1 はじめに―本稿の課題とロシアの地方自治の現状について

 

(1)

 

近代ヨーロッパの立憲主義の伝統への合流、あるいは「人権、民主主義、市場」を基礎とする自由主義的世界との提携をめざすロシアは、1996年にヨーロッパ評議会に加盟し、同年2月28日にはヨーロッパ地方自治憲章について署名した。ヨーロッパ人権条約への加盟と併せて、このヨーロッパ地方自治憲章への参加は、EUとの関係強化をめざすロシアにとっては、ひとつの大きな画期をなす出来事ではあった。

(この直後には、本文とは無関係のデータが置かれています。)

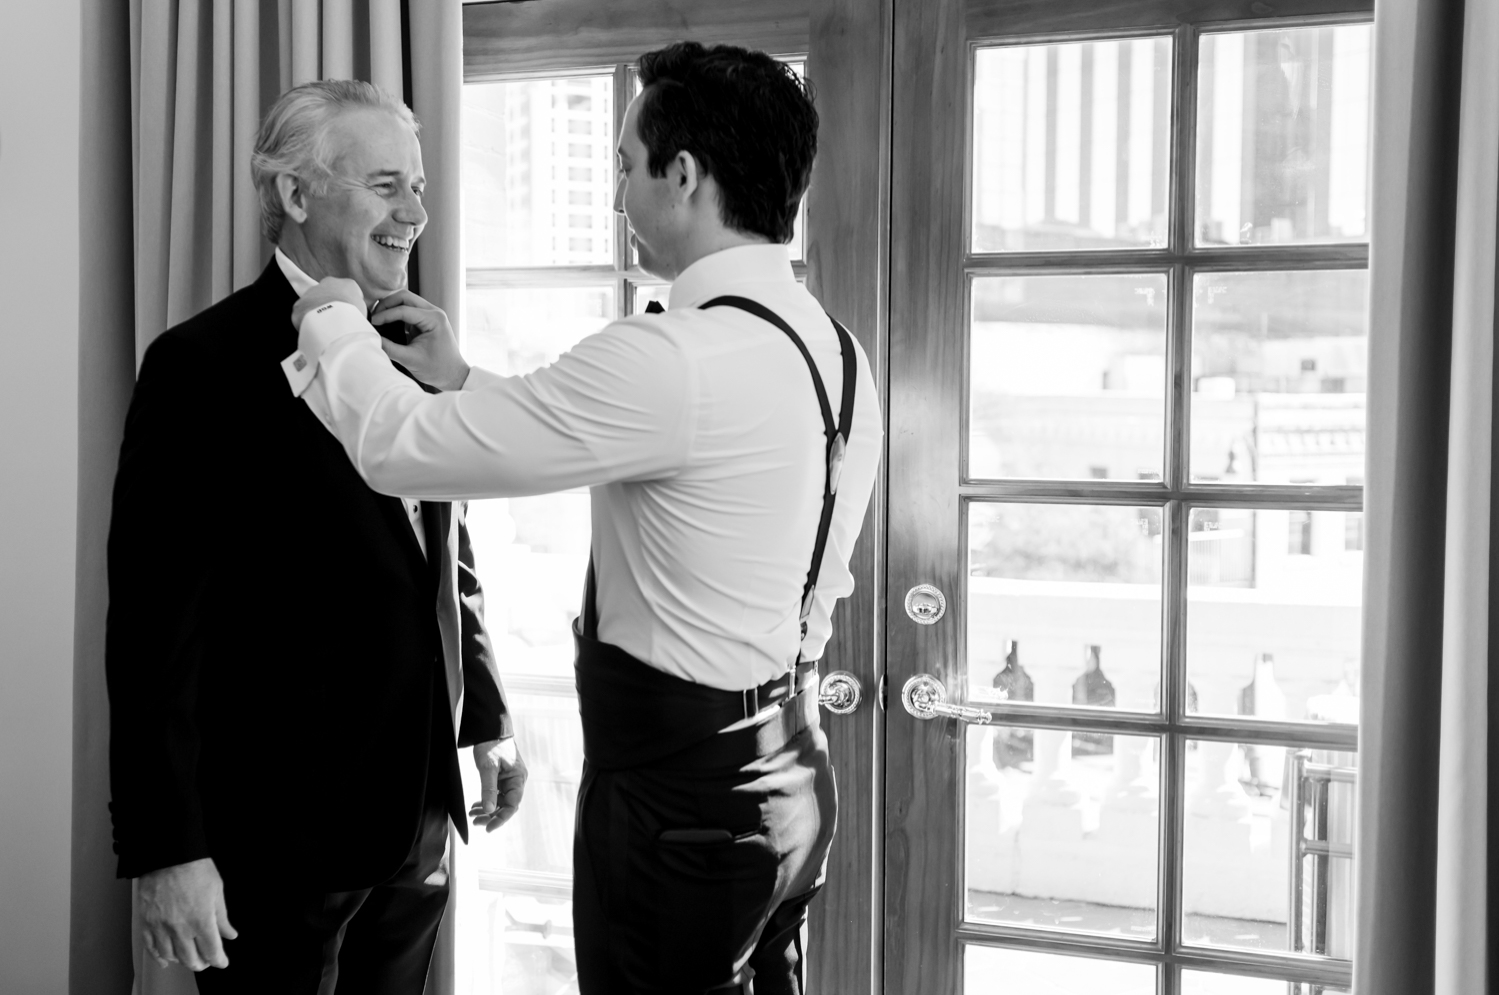 The groom adjusts his father's bow tie before the wedding
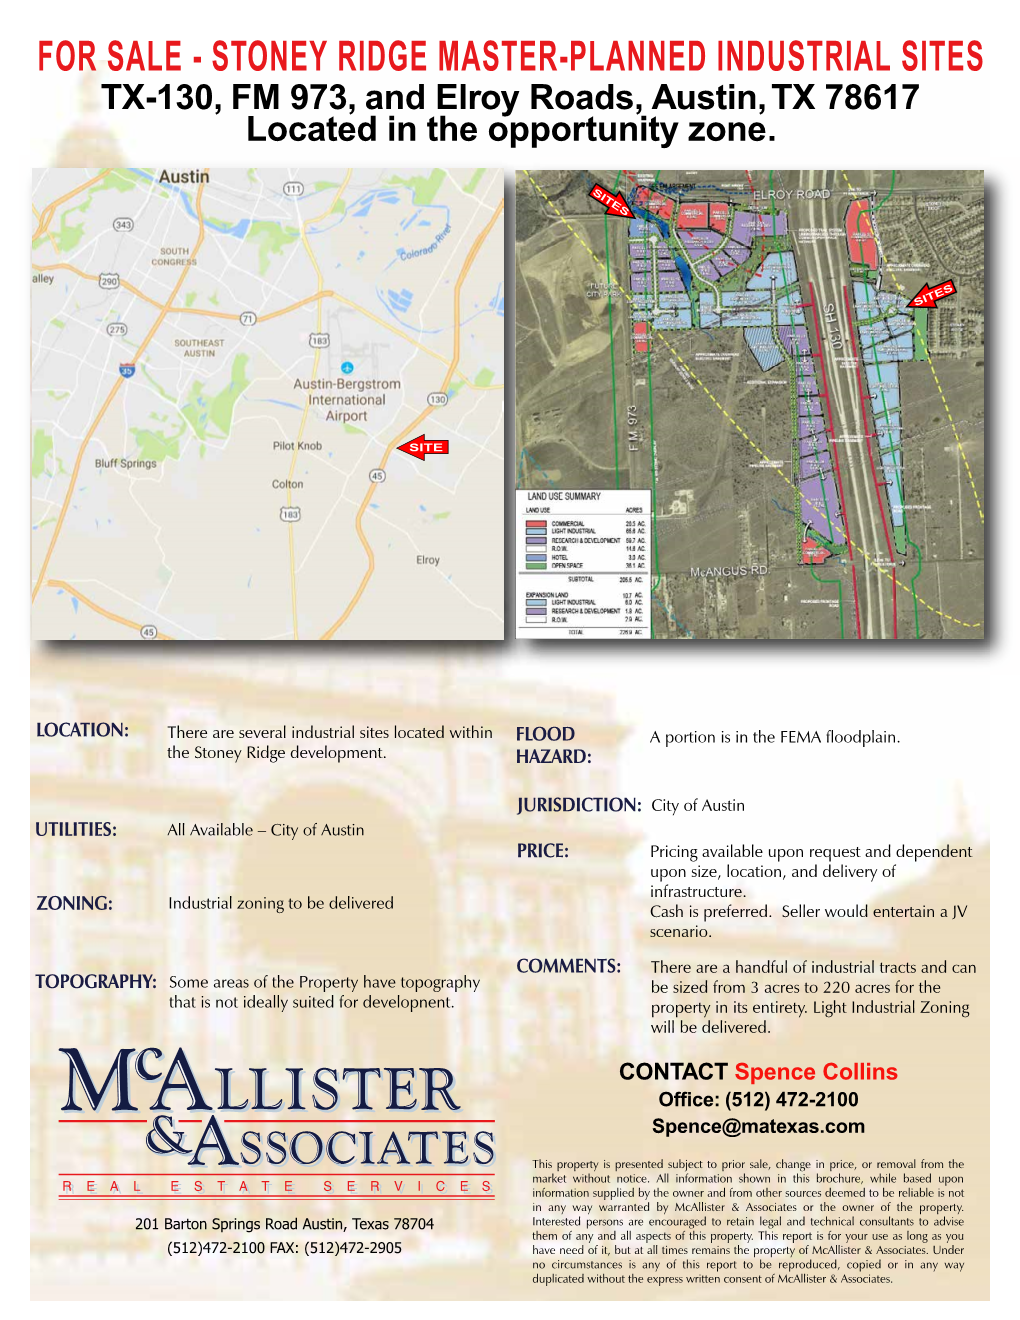 STONEY RIDGE MASTER-PLANNED INDUSTRIAL SITES TX-130, FM 973, and Elroy Roads, Austin, TX 78617 Located in the Opportunity Zone

ヨーロッパ地方自治憲章(以下、単に地方自治憲章とも表記)への署名の議会による批准は、1998年3月20日(上院は4月1日に同意)にまでずれ込み、4月11日付の大統領の署名によりようやく発効する運びになった(1)。この間の事情について、いまその詳細を語る用意はないが、ロシア国内における地方自治法制や93年憲法にうたわれた地方自治制度の確立過程が混乱を伴って進行していたこととおそらく無関係ではないであろう。そして、この批准は、国内での地方自治確立のテンポを速めることを要請し、地方の自主性を志向する勢力からの抵抗をも生起せしめるという、西欧志向勢力にとってはプラス、マイナス両側面からの刺激要因ともなったのである。

体制移行期におけるロシアの地方自治法制は、1991年の地方自治法の制定とそのモラトリアム、1993年の憲法の制定、1995年の地方自治法(「地方自治の組織の一般原則に関する法律」)(2)へと推移するのであるが、この一連の過程とヨーロッパ地方自治憲章の署名・批准の過程は、時期的にオーバーラップしており、ロシア国内での立法過程において、地方自治憲章が参照され、指針とされたであろうことが当然に予想される。そのことは、立法過程での議論やエリツィン大統領の地方自治に関連しての発言のなかで、時にこの地方自治憲章への言及が見られるところからも推察しうるところである。

とはいえ、この週程はそれほど順調に進んでいるわけではない。地方自治に対する消極的対応やその範囲をできるかぎり狭めようとする傾向は、ソビエト制の伝統の名残りやそれに依拠せざるをえない地方政治の担い手たちによって、根づよく維持されているからである。地方自治憲章は、ロシアがそれに署名したところから、それを大義名文とした中央権力の地方政策と自主独立を志向する構成主体の指導層との対抗の構図のなかにもその位置を見いだすことになったといえよう。